С этими отнюдь не весенними мыслями я забрела в книжный магазин на Петроградской, который попался мне по пути. А в магазине мои мысли приняли совсем иное, я бы сказала, противоположное направление. Интересно, может ли у нормального человека так часто меняться настроение? Вроде бы вышла из школы довольная и счастливая, прогулялась по весеннему городу и стала несчастнее всех на свете, а через несколько минут – снова довольна жизнью. Впрочем, у Раков вечно так: слезы у них сменяются улыбкой, а смех заканчивается бурными рыданиями.
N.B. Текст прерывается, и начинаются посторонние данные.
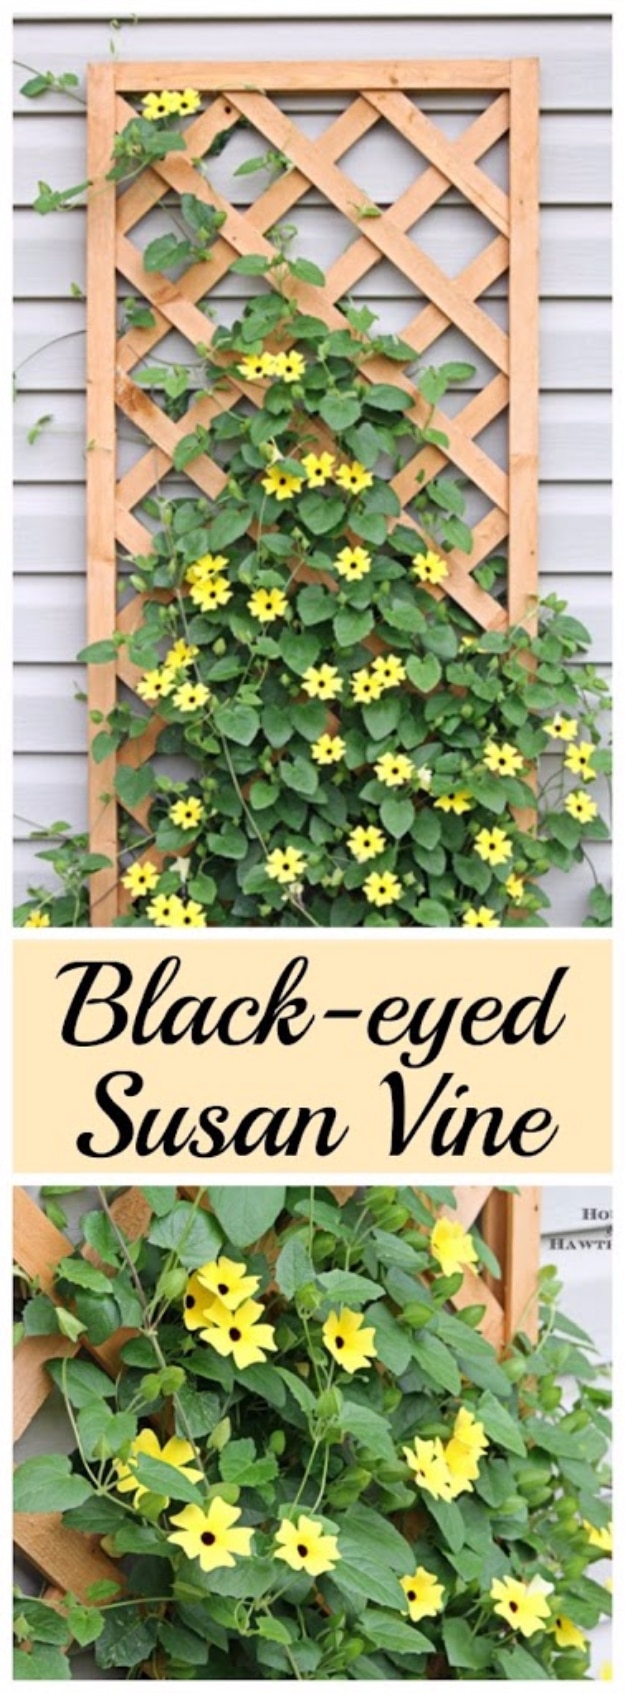 Creative Ways to Increase Curb Appeal on A Budget - Back Eyed Susan Vines - Cheap and Easy Ideas for Upgrading Your Front Porch, Landscaping, Driveways, Garage Doors, Brick and Home Exteriors. Add Window Boxes, House Numbers, Mailboxes and Yard Makeovers http://diyjoy.com/diy-curb-appeal-ideas

Дело в том, что в этом магазине я увидела классный самоучитель по шведскому языку! Именно такой я и хотела – с дисками, чтобы можно было освоить произношение. Вот выучу шведский, поеду к Катерине, и мир покажется иным! Я же ничего не видела на свете, кроме небольшой части России, и Скандинавия представляется мне неплохим началом в познании такой большой Земли! А путешествовать по стране, зная ее язык, гораздо интереснее. Это совсем другой взгляд на мир. В противном случае проще и намного, кстати, дешевле купить видеокассету и по телевизору рассматривать разные шхеры и фьорды.

Купив самоучитель, я поспешила домой. Ура! Обожаю заниматься языком для себя! Вот сейчас я влезу в свой любимый домашний свитер, закурю сигарету и займусь наконец приятным делом.

В метро посчастливилось сесть, и всю дорогу я изучала книгу. Составители попались грамотные, кажется, от этого будет толк! Воодушевленная, влетела в квартиру и, не снимая ботинки, рванула к компьютеру. Не успела включить – звонок. Ну кому неймется? Никого и ничего не хочу! Хочу только учить шведский!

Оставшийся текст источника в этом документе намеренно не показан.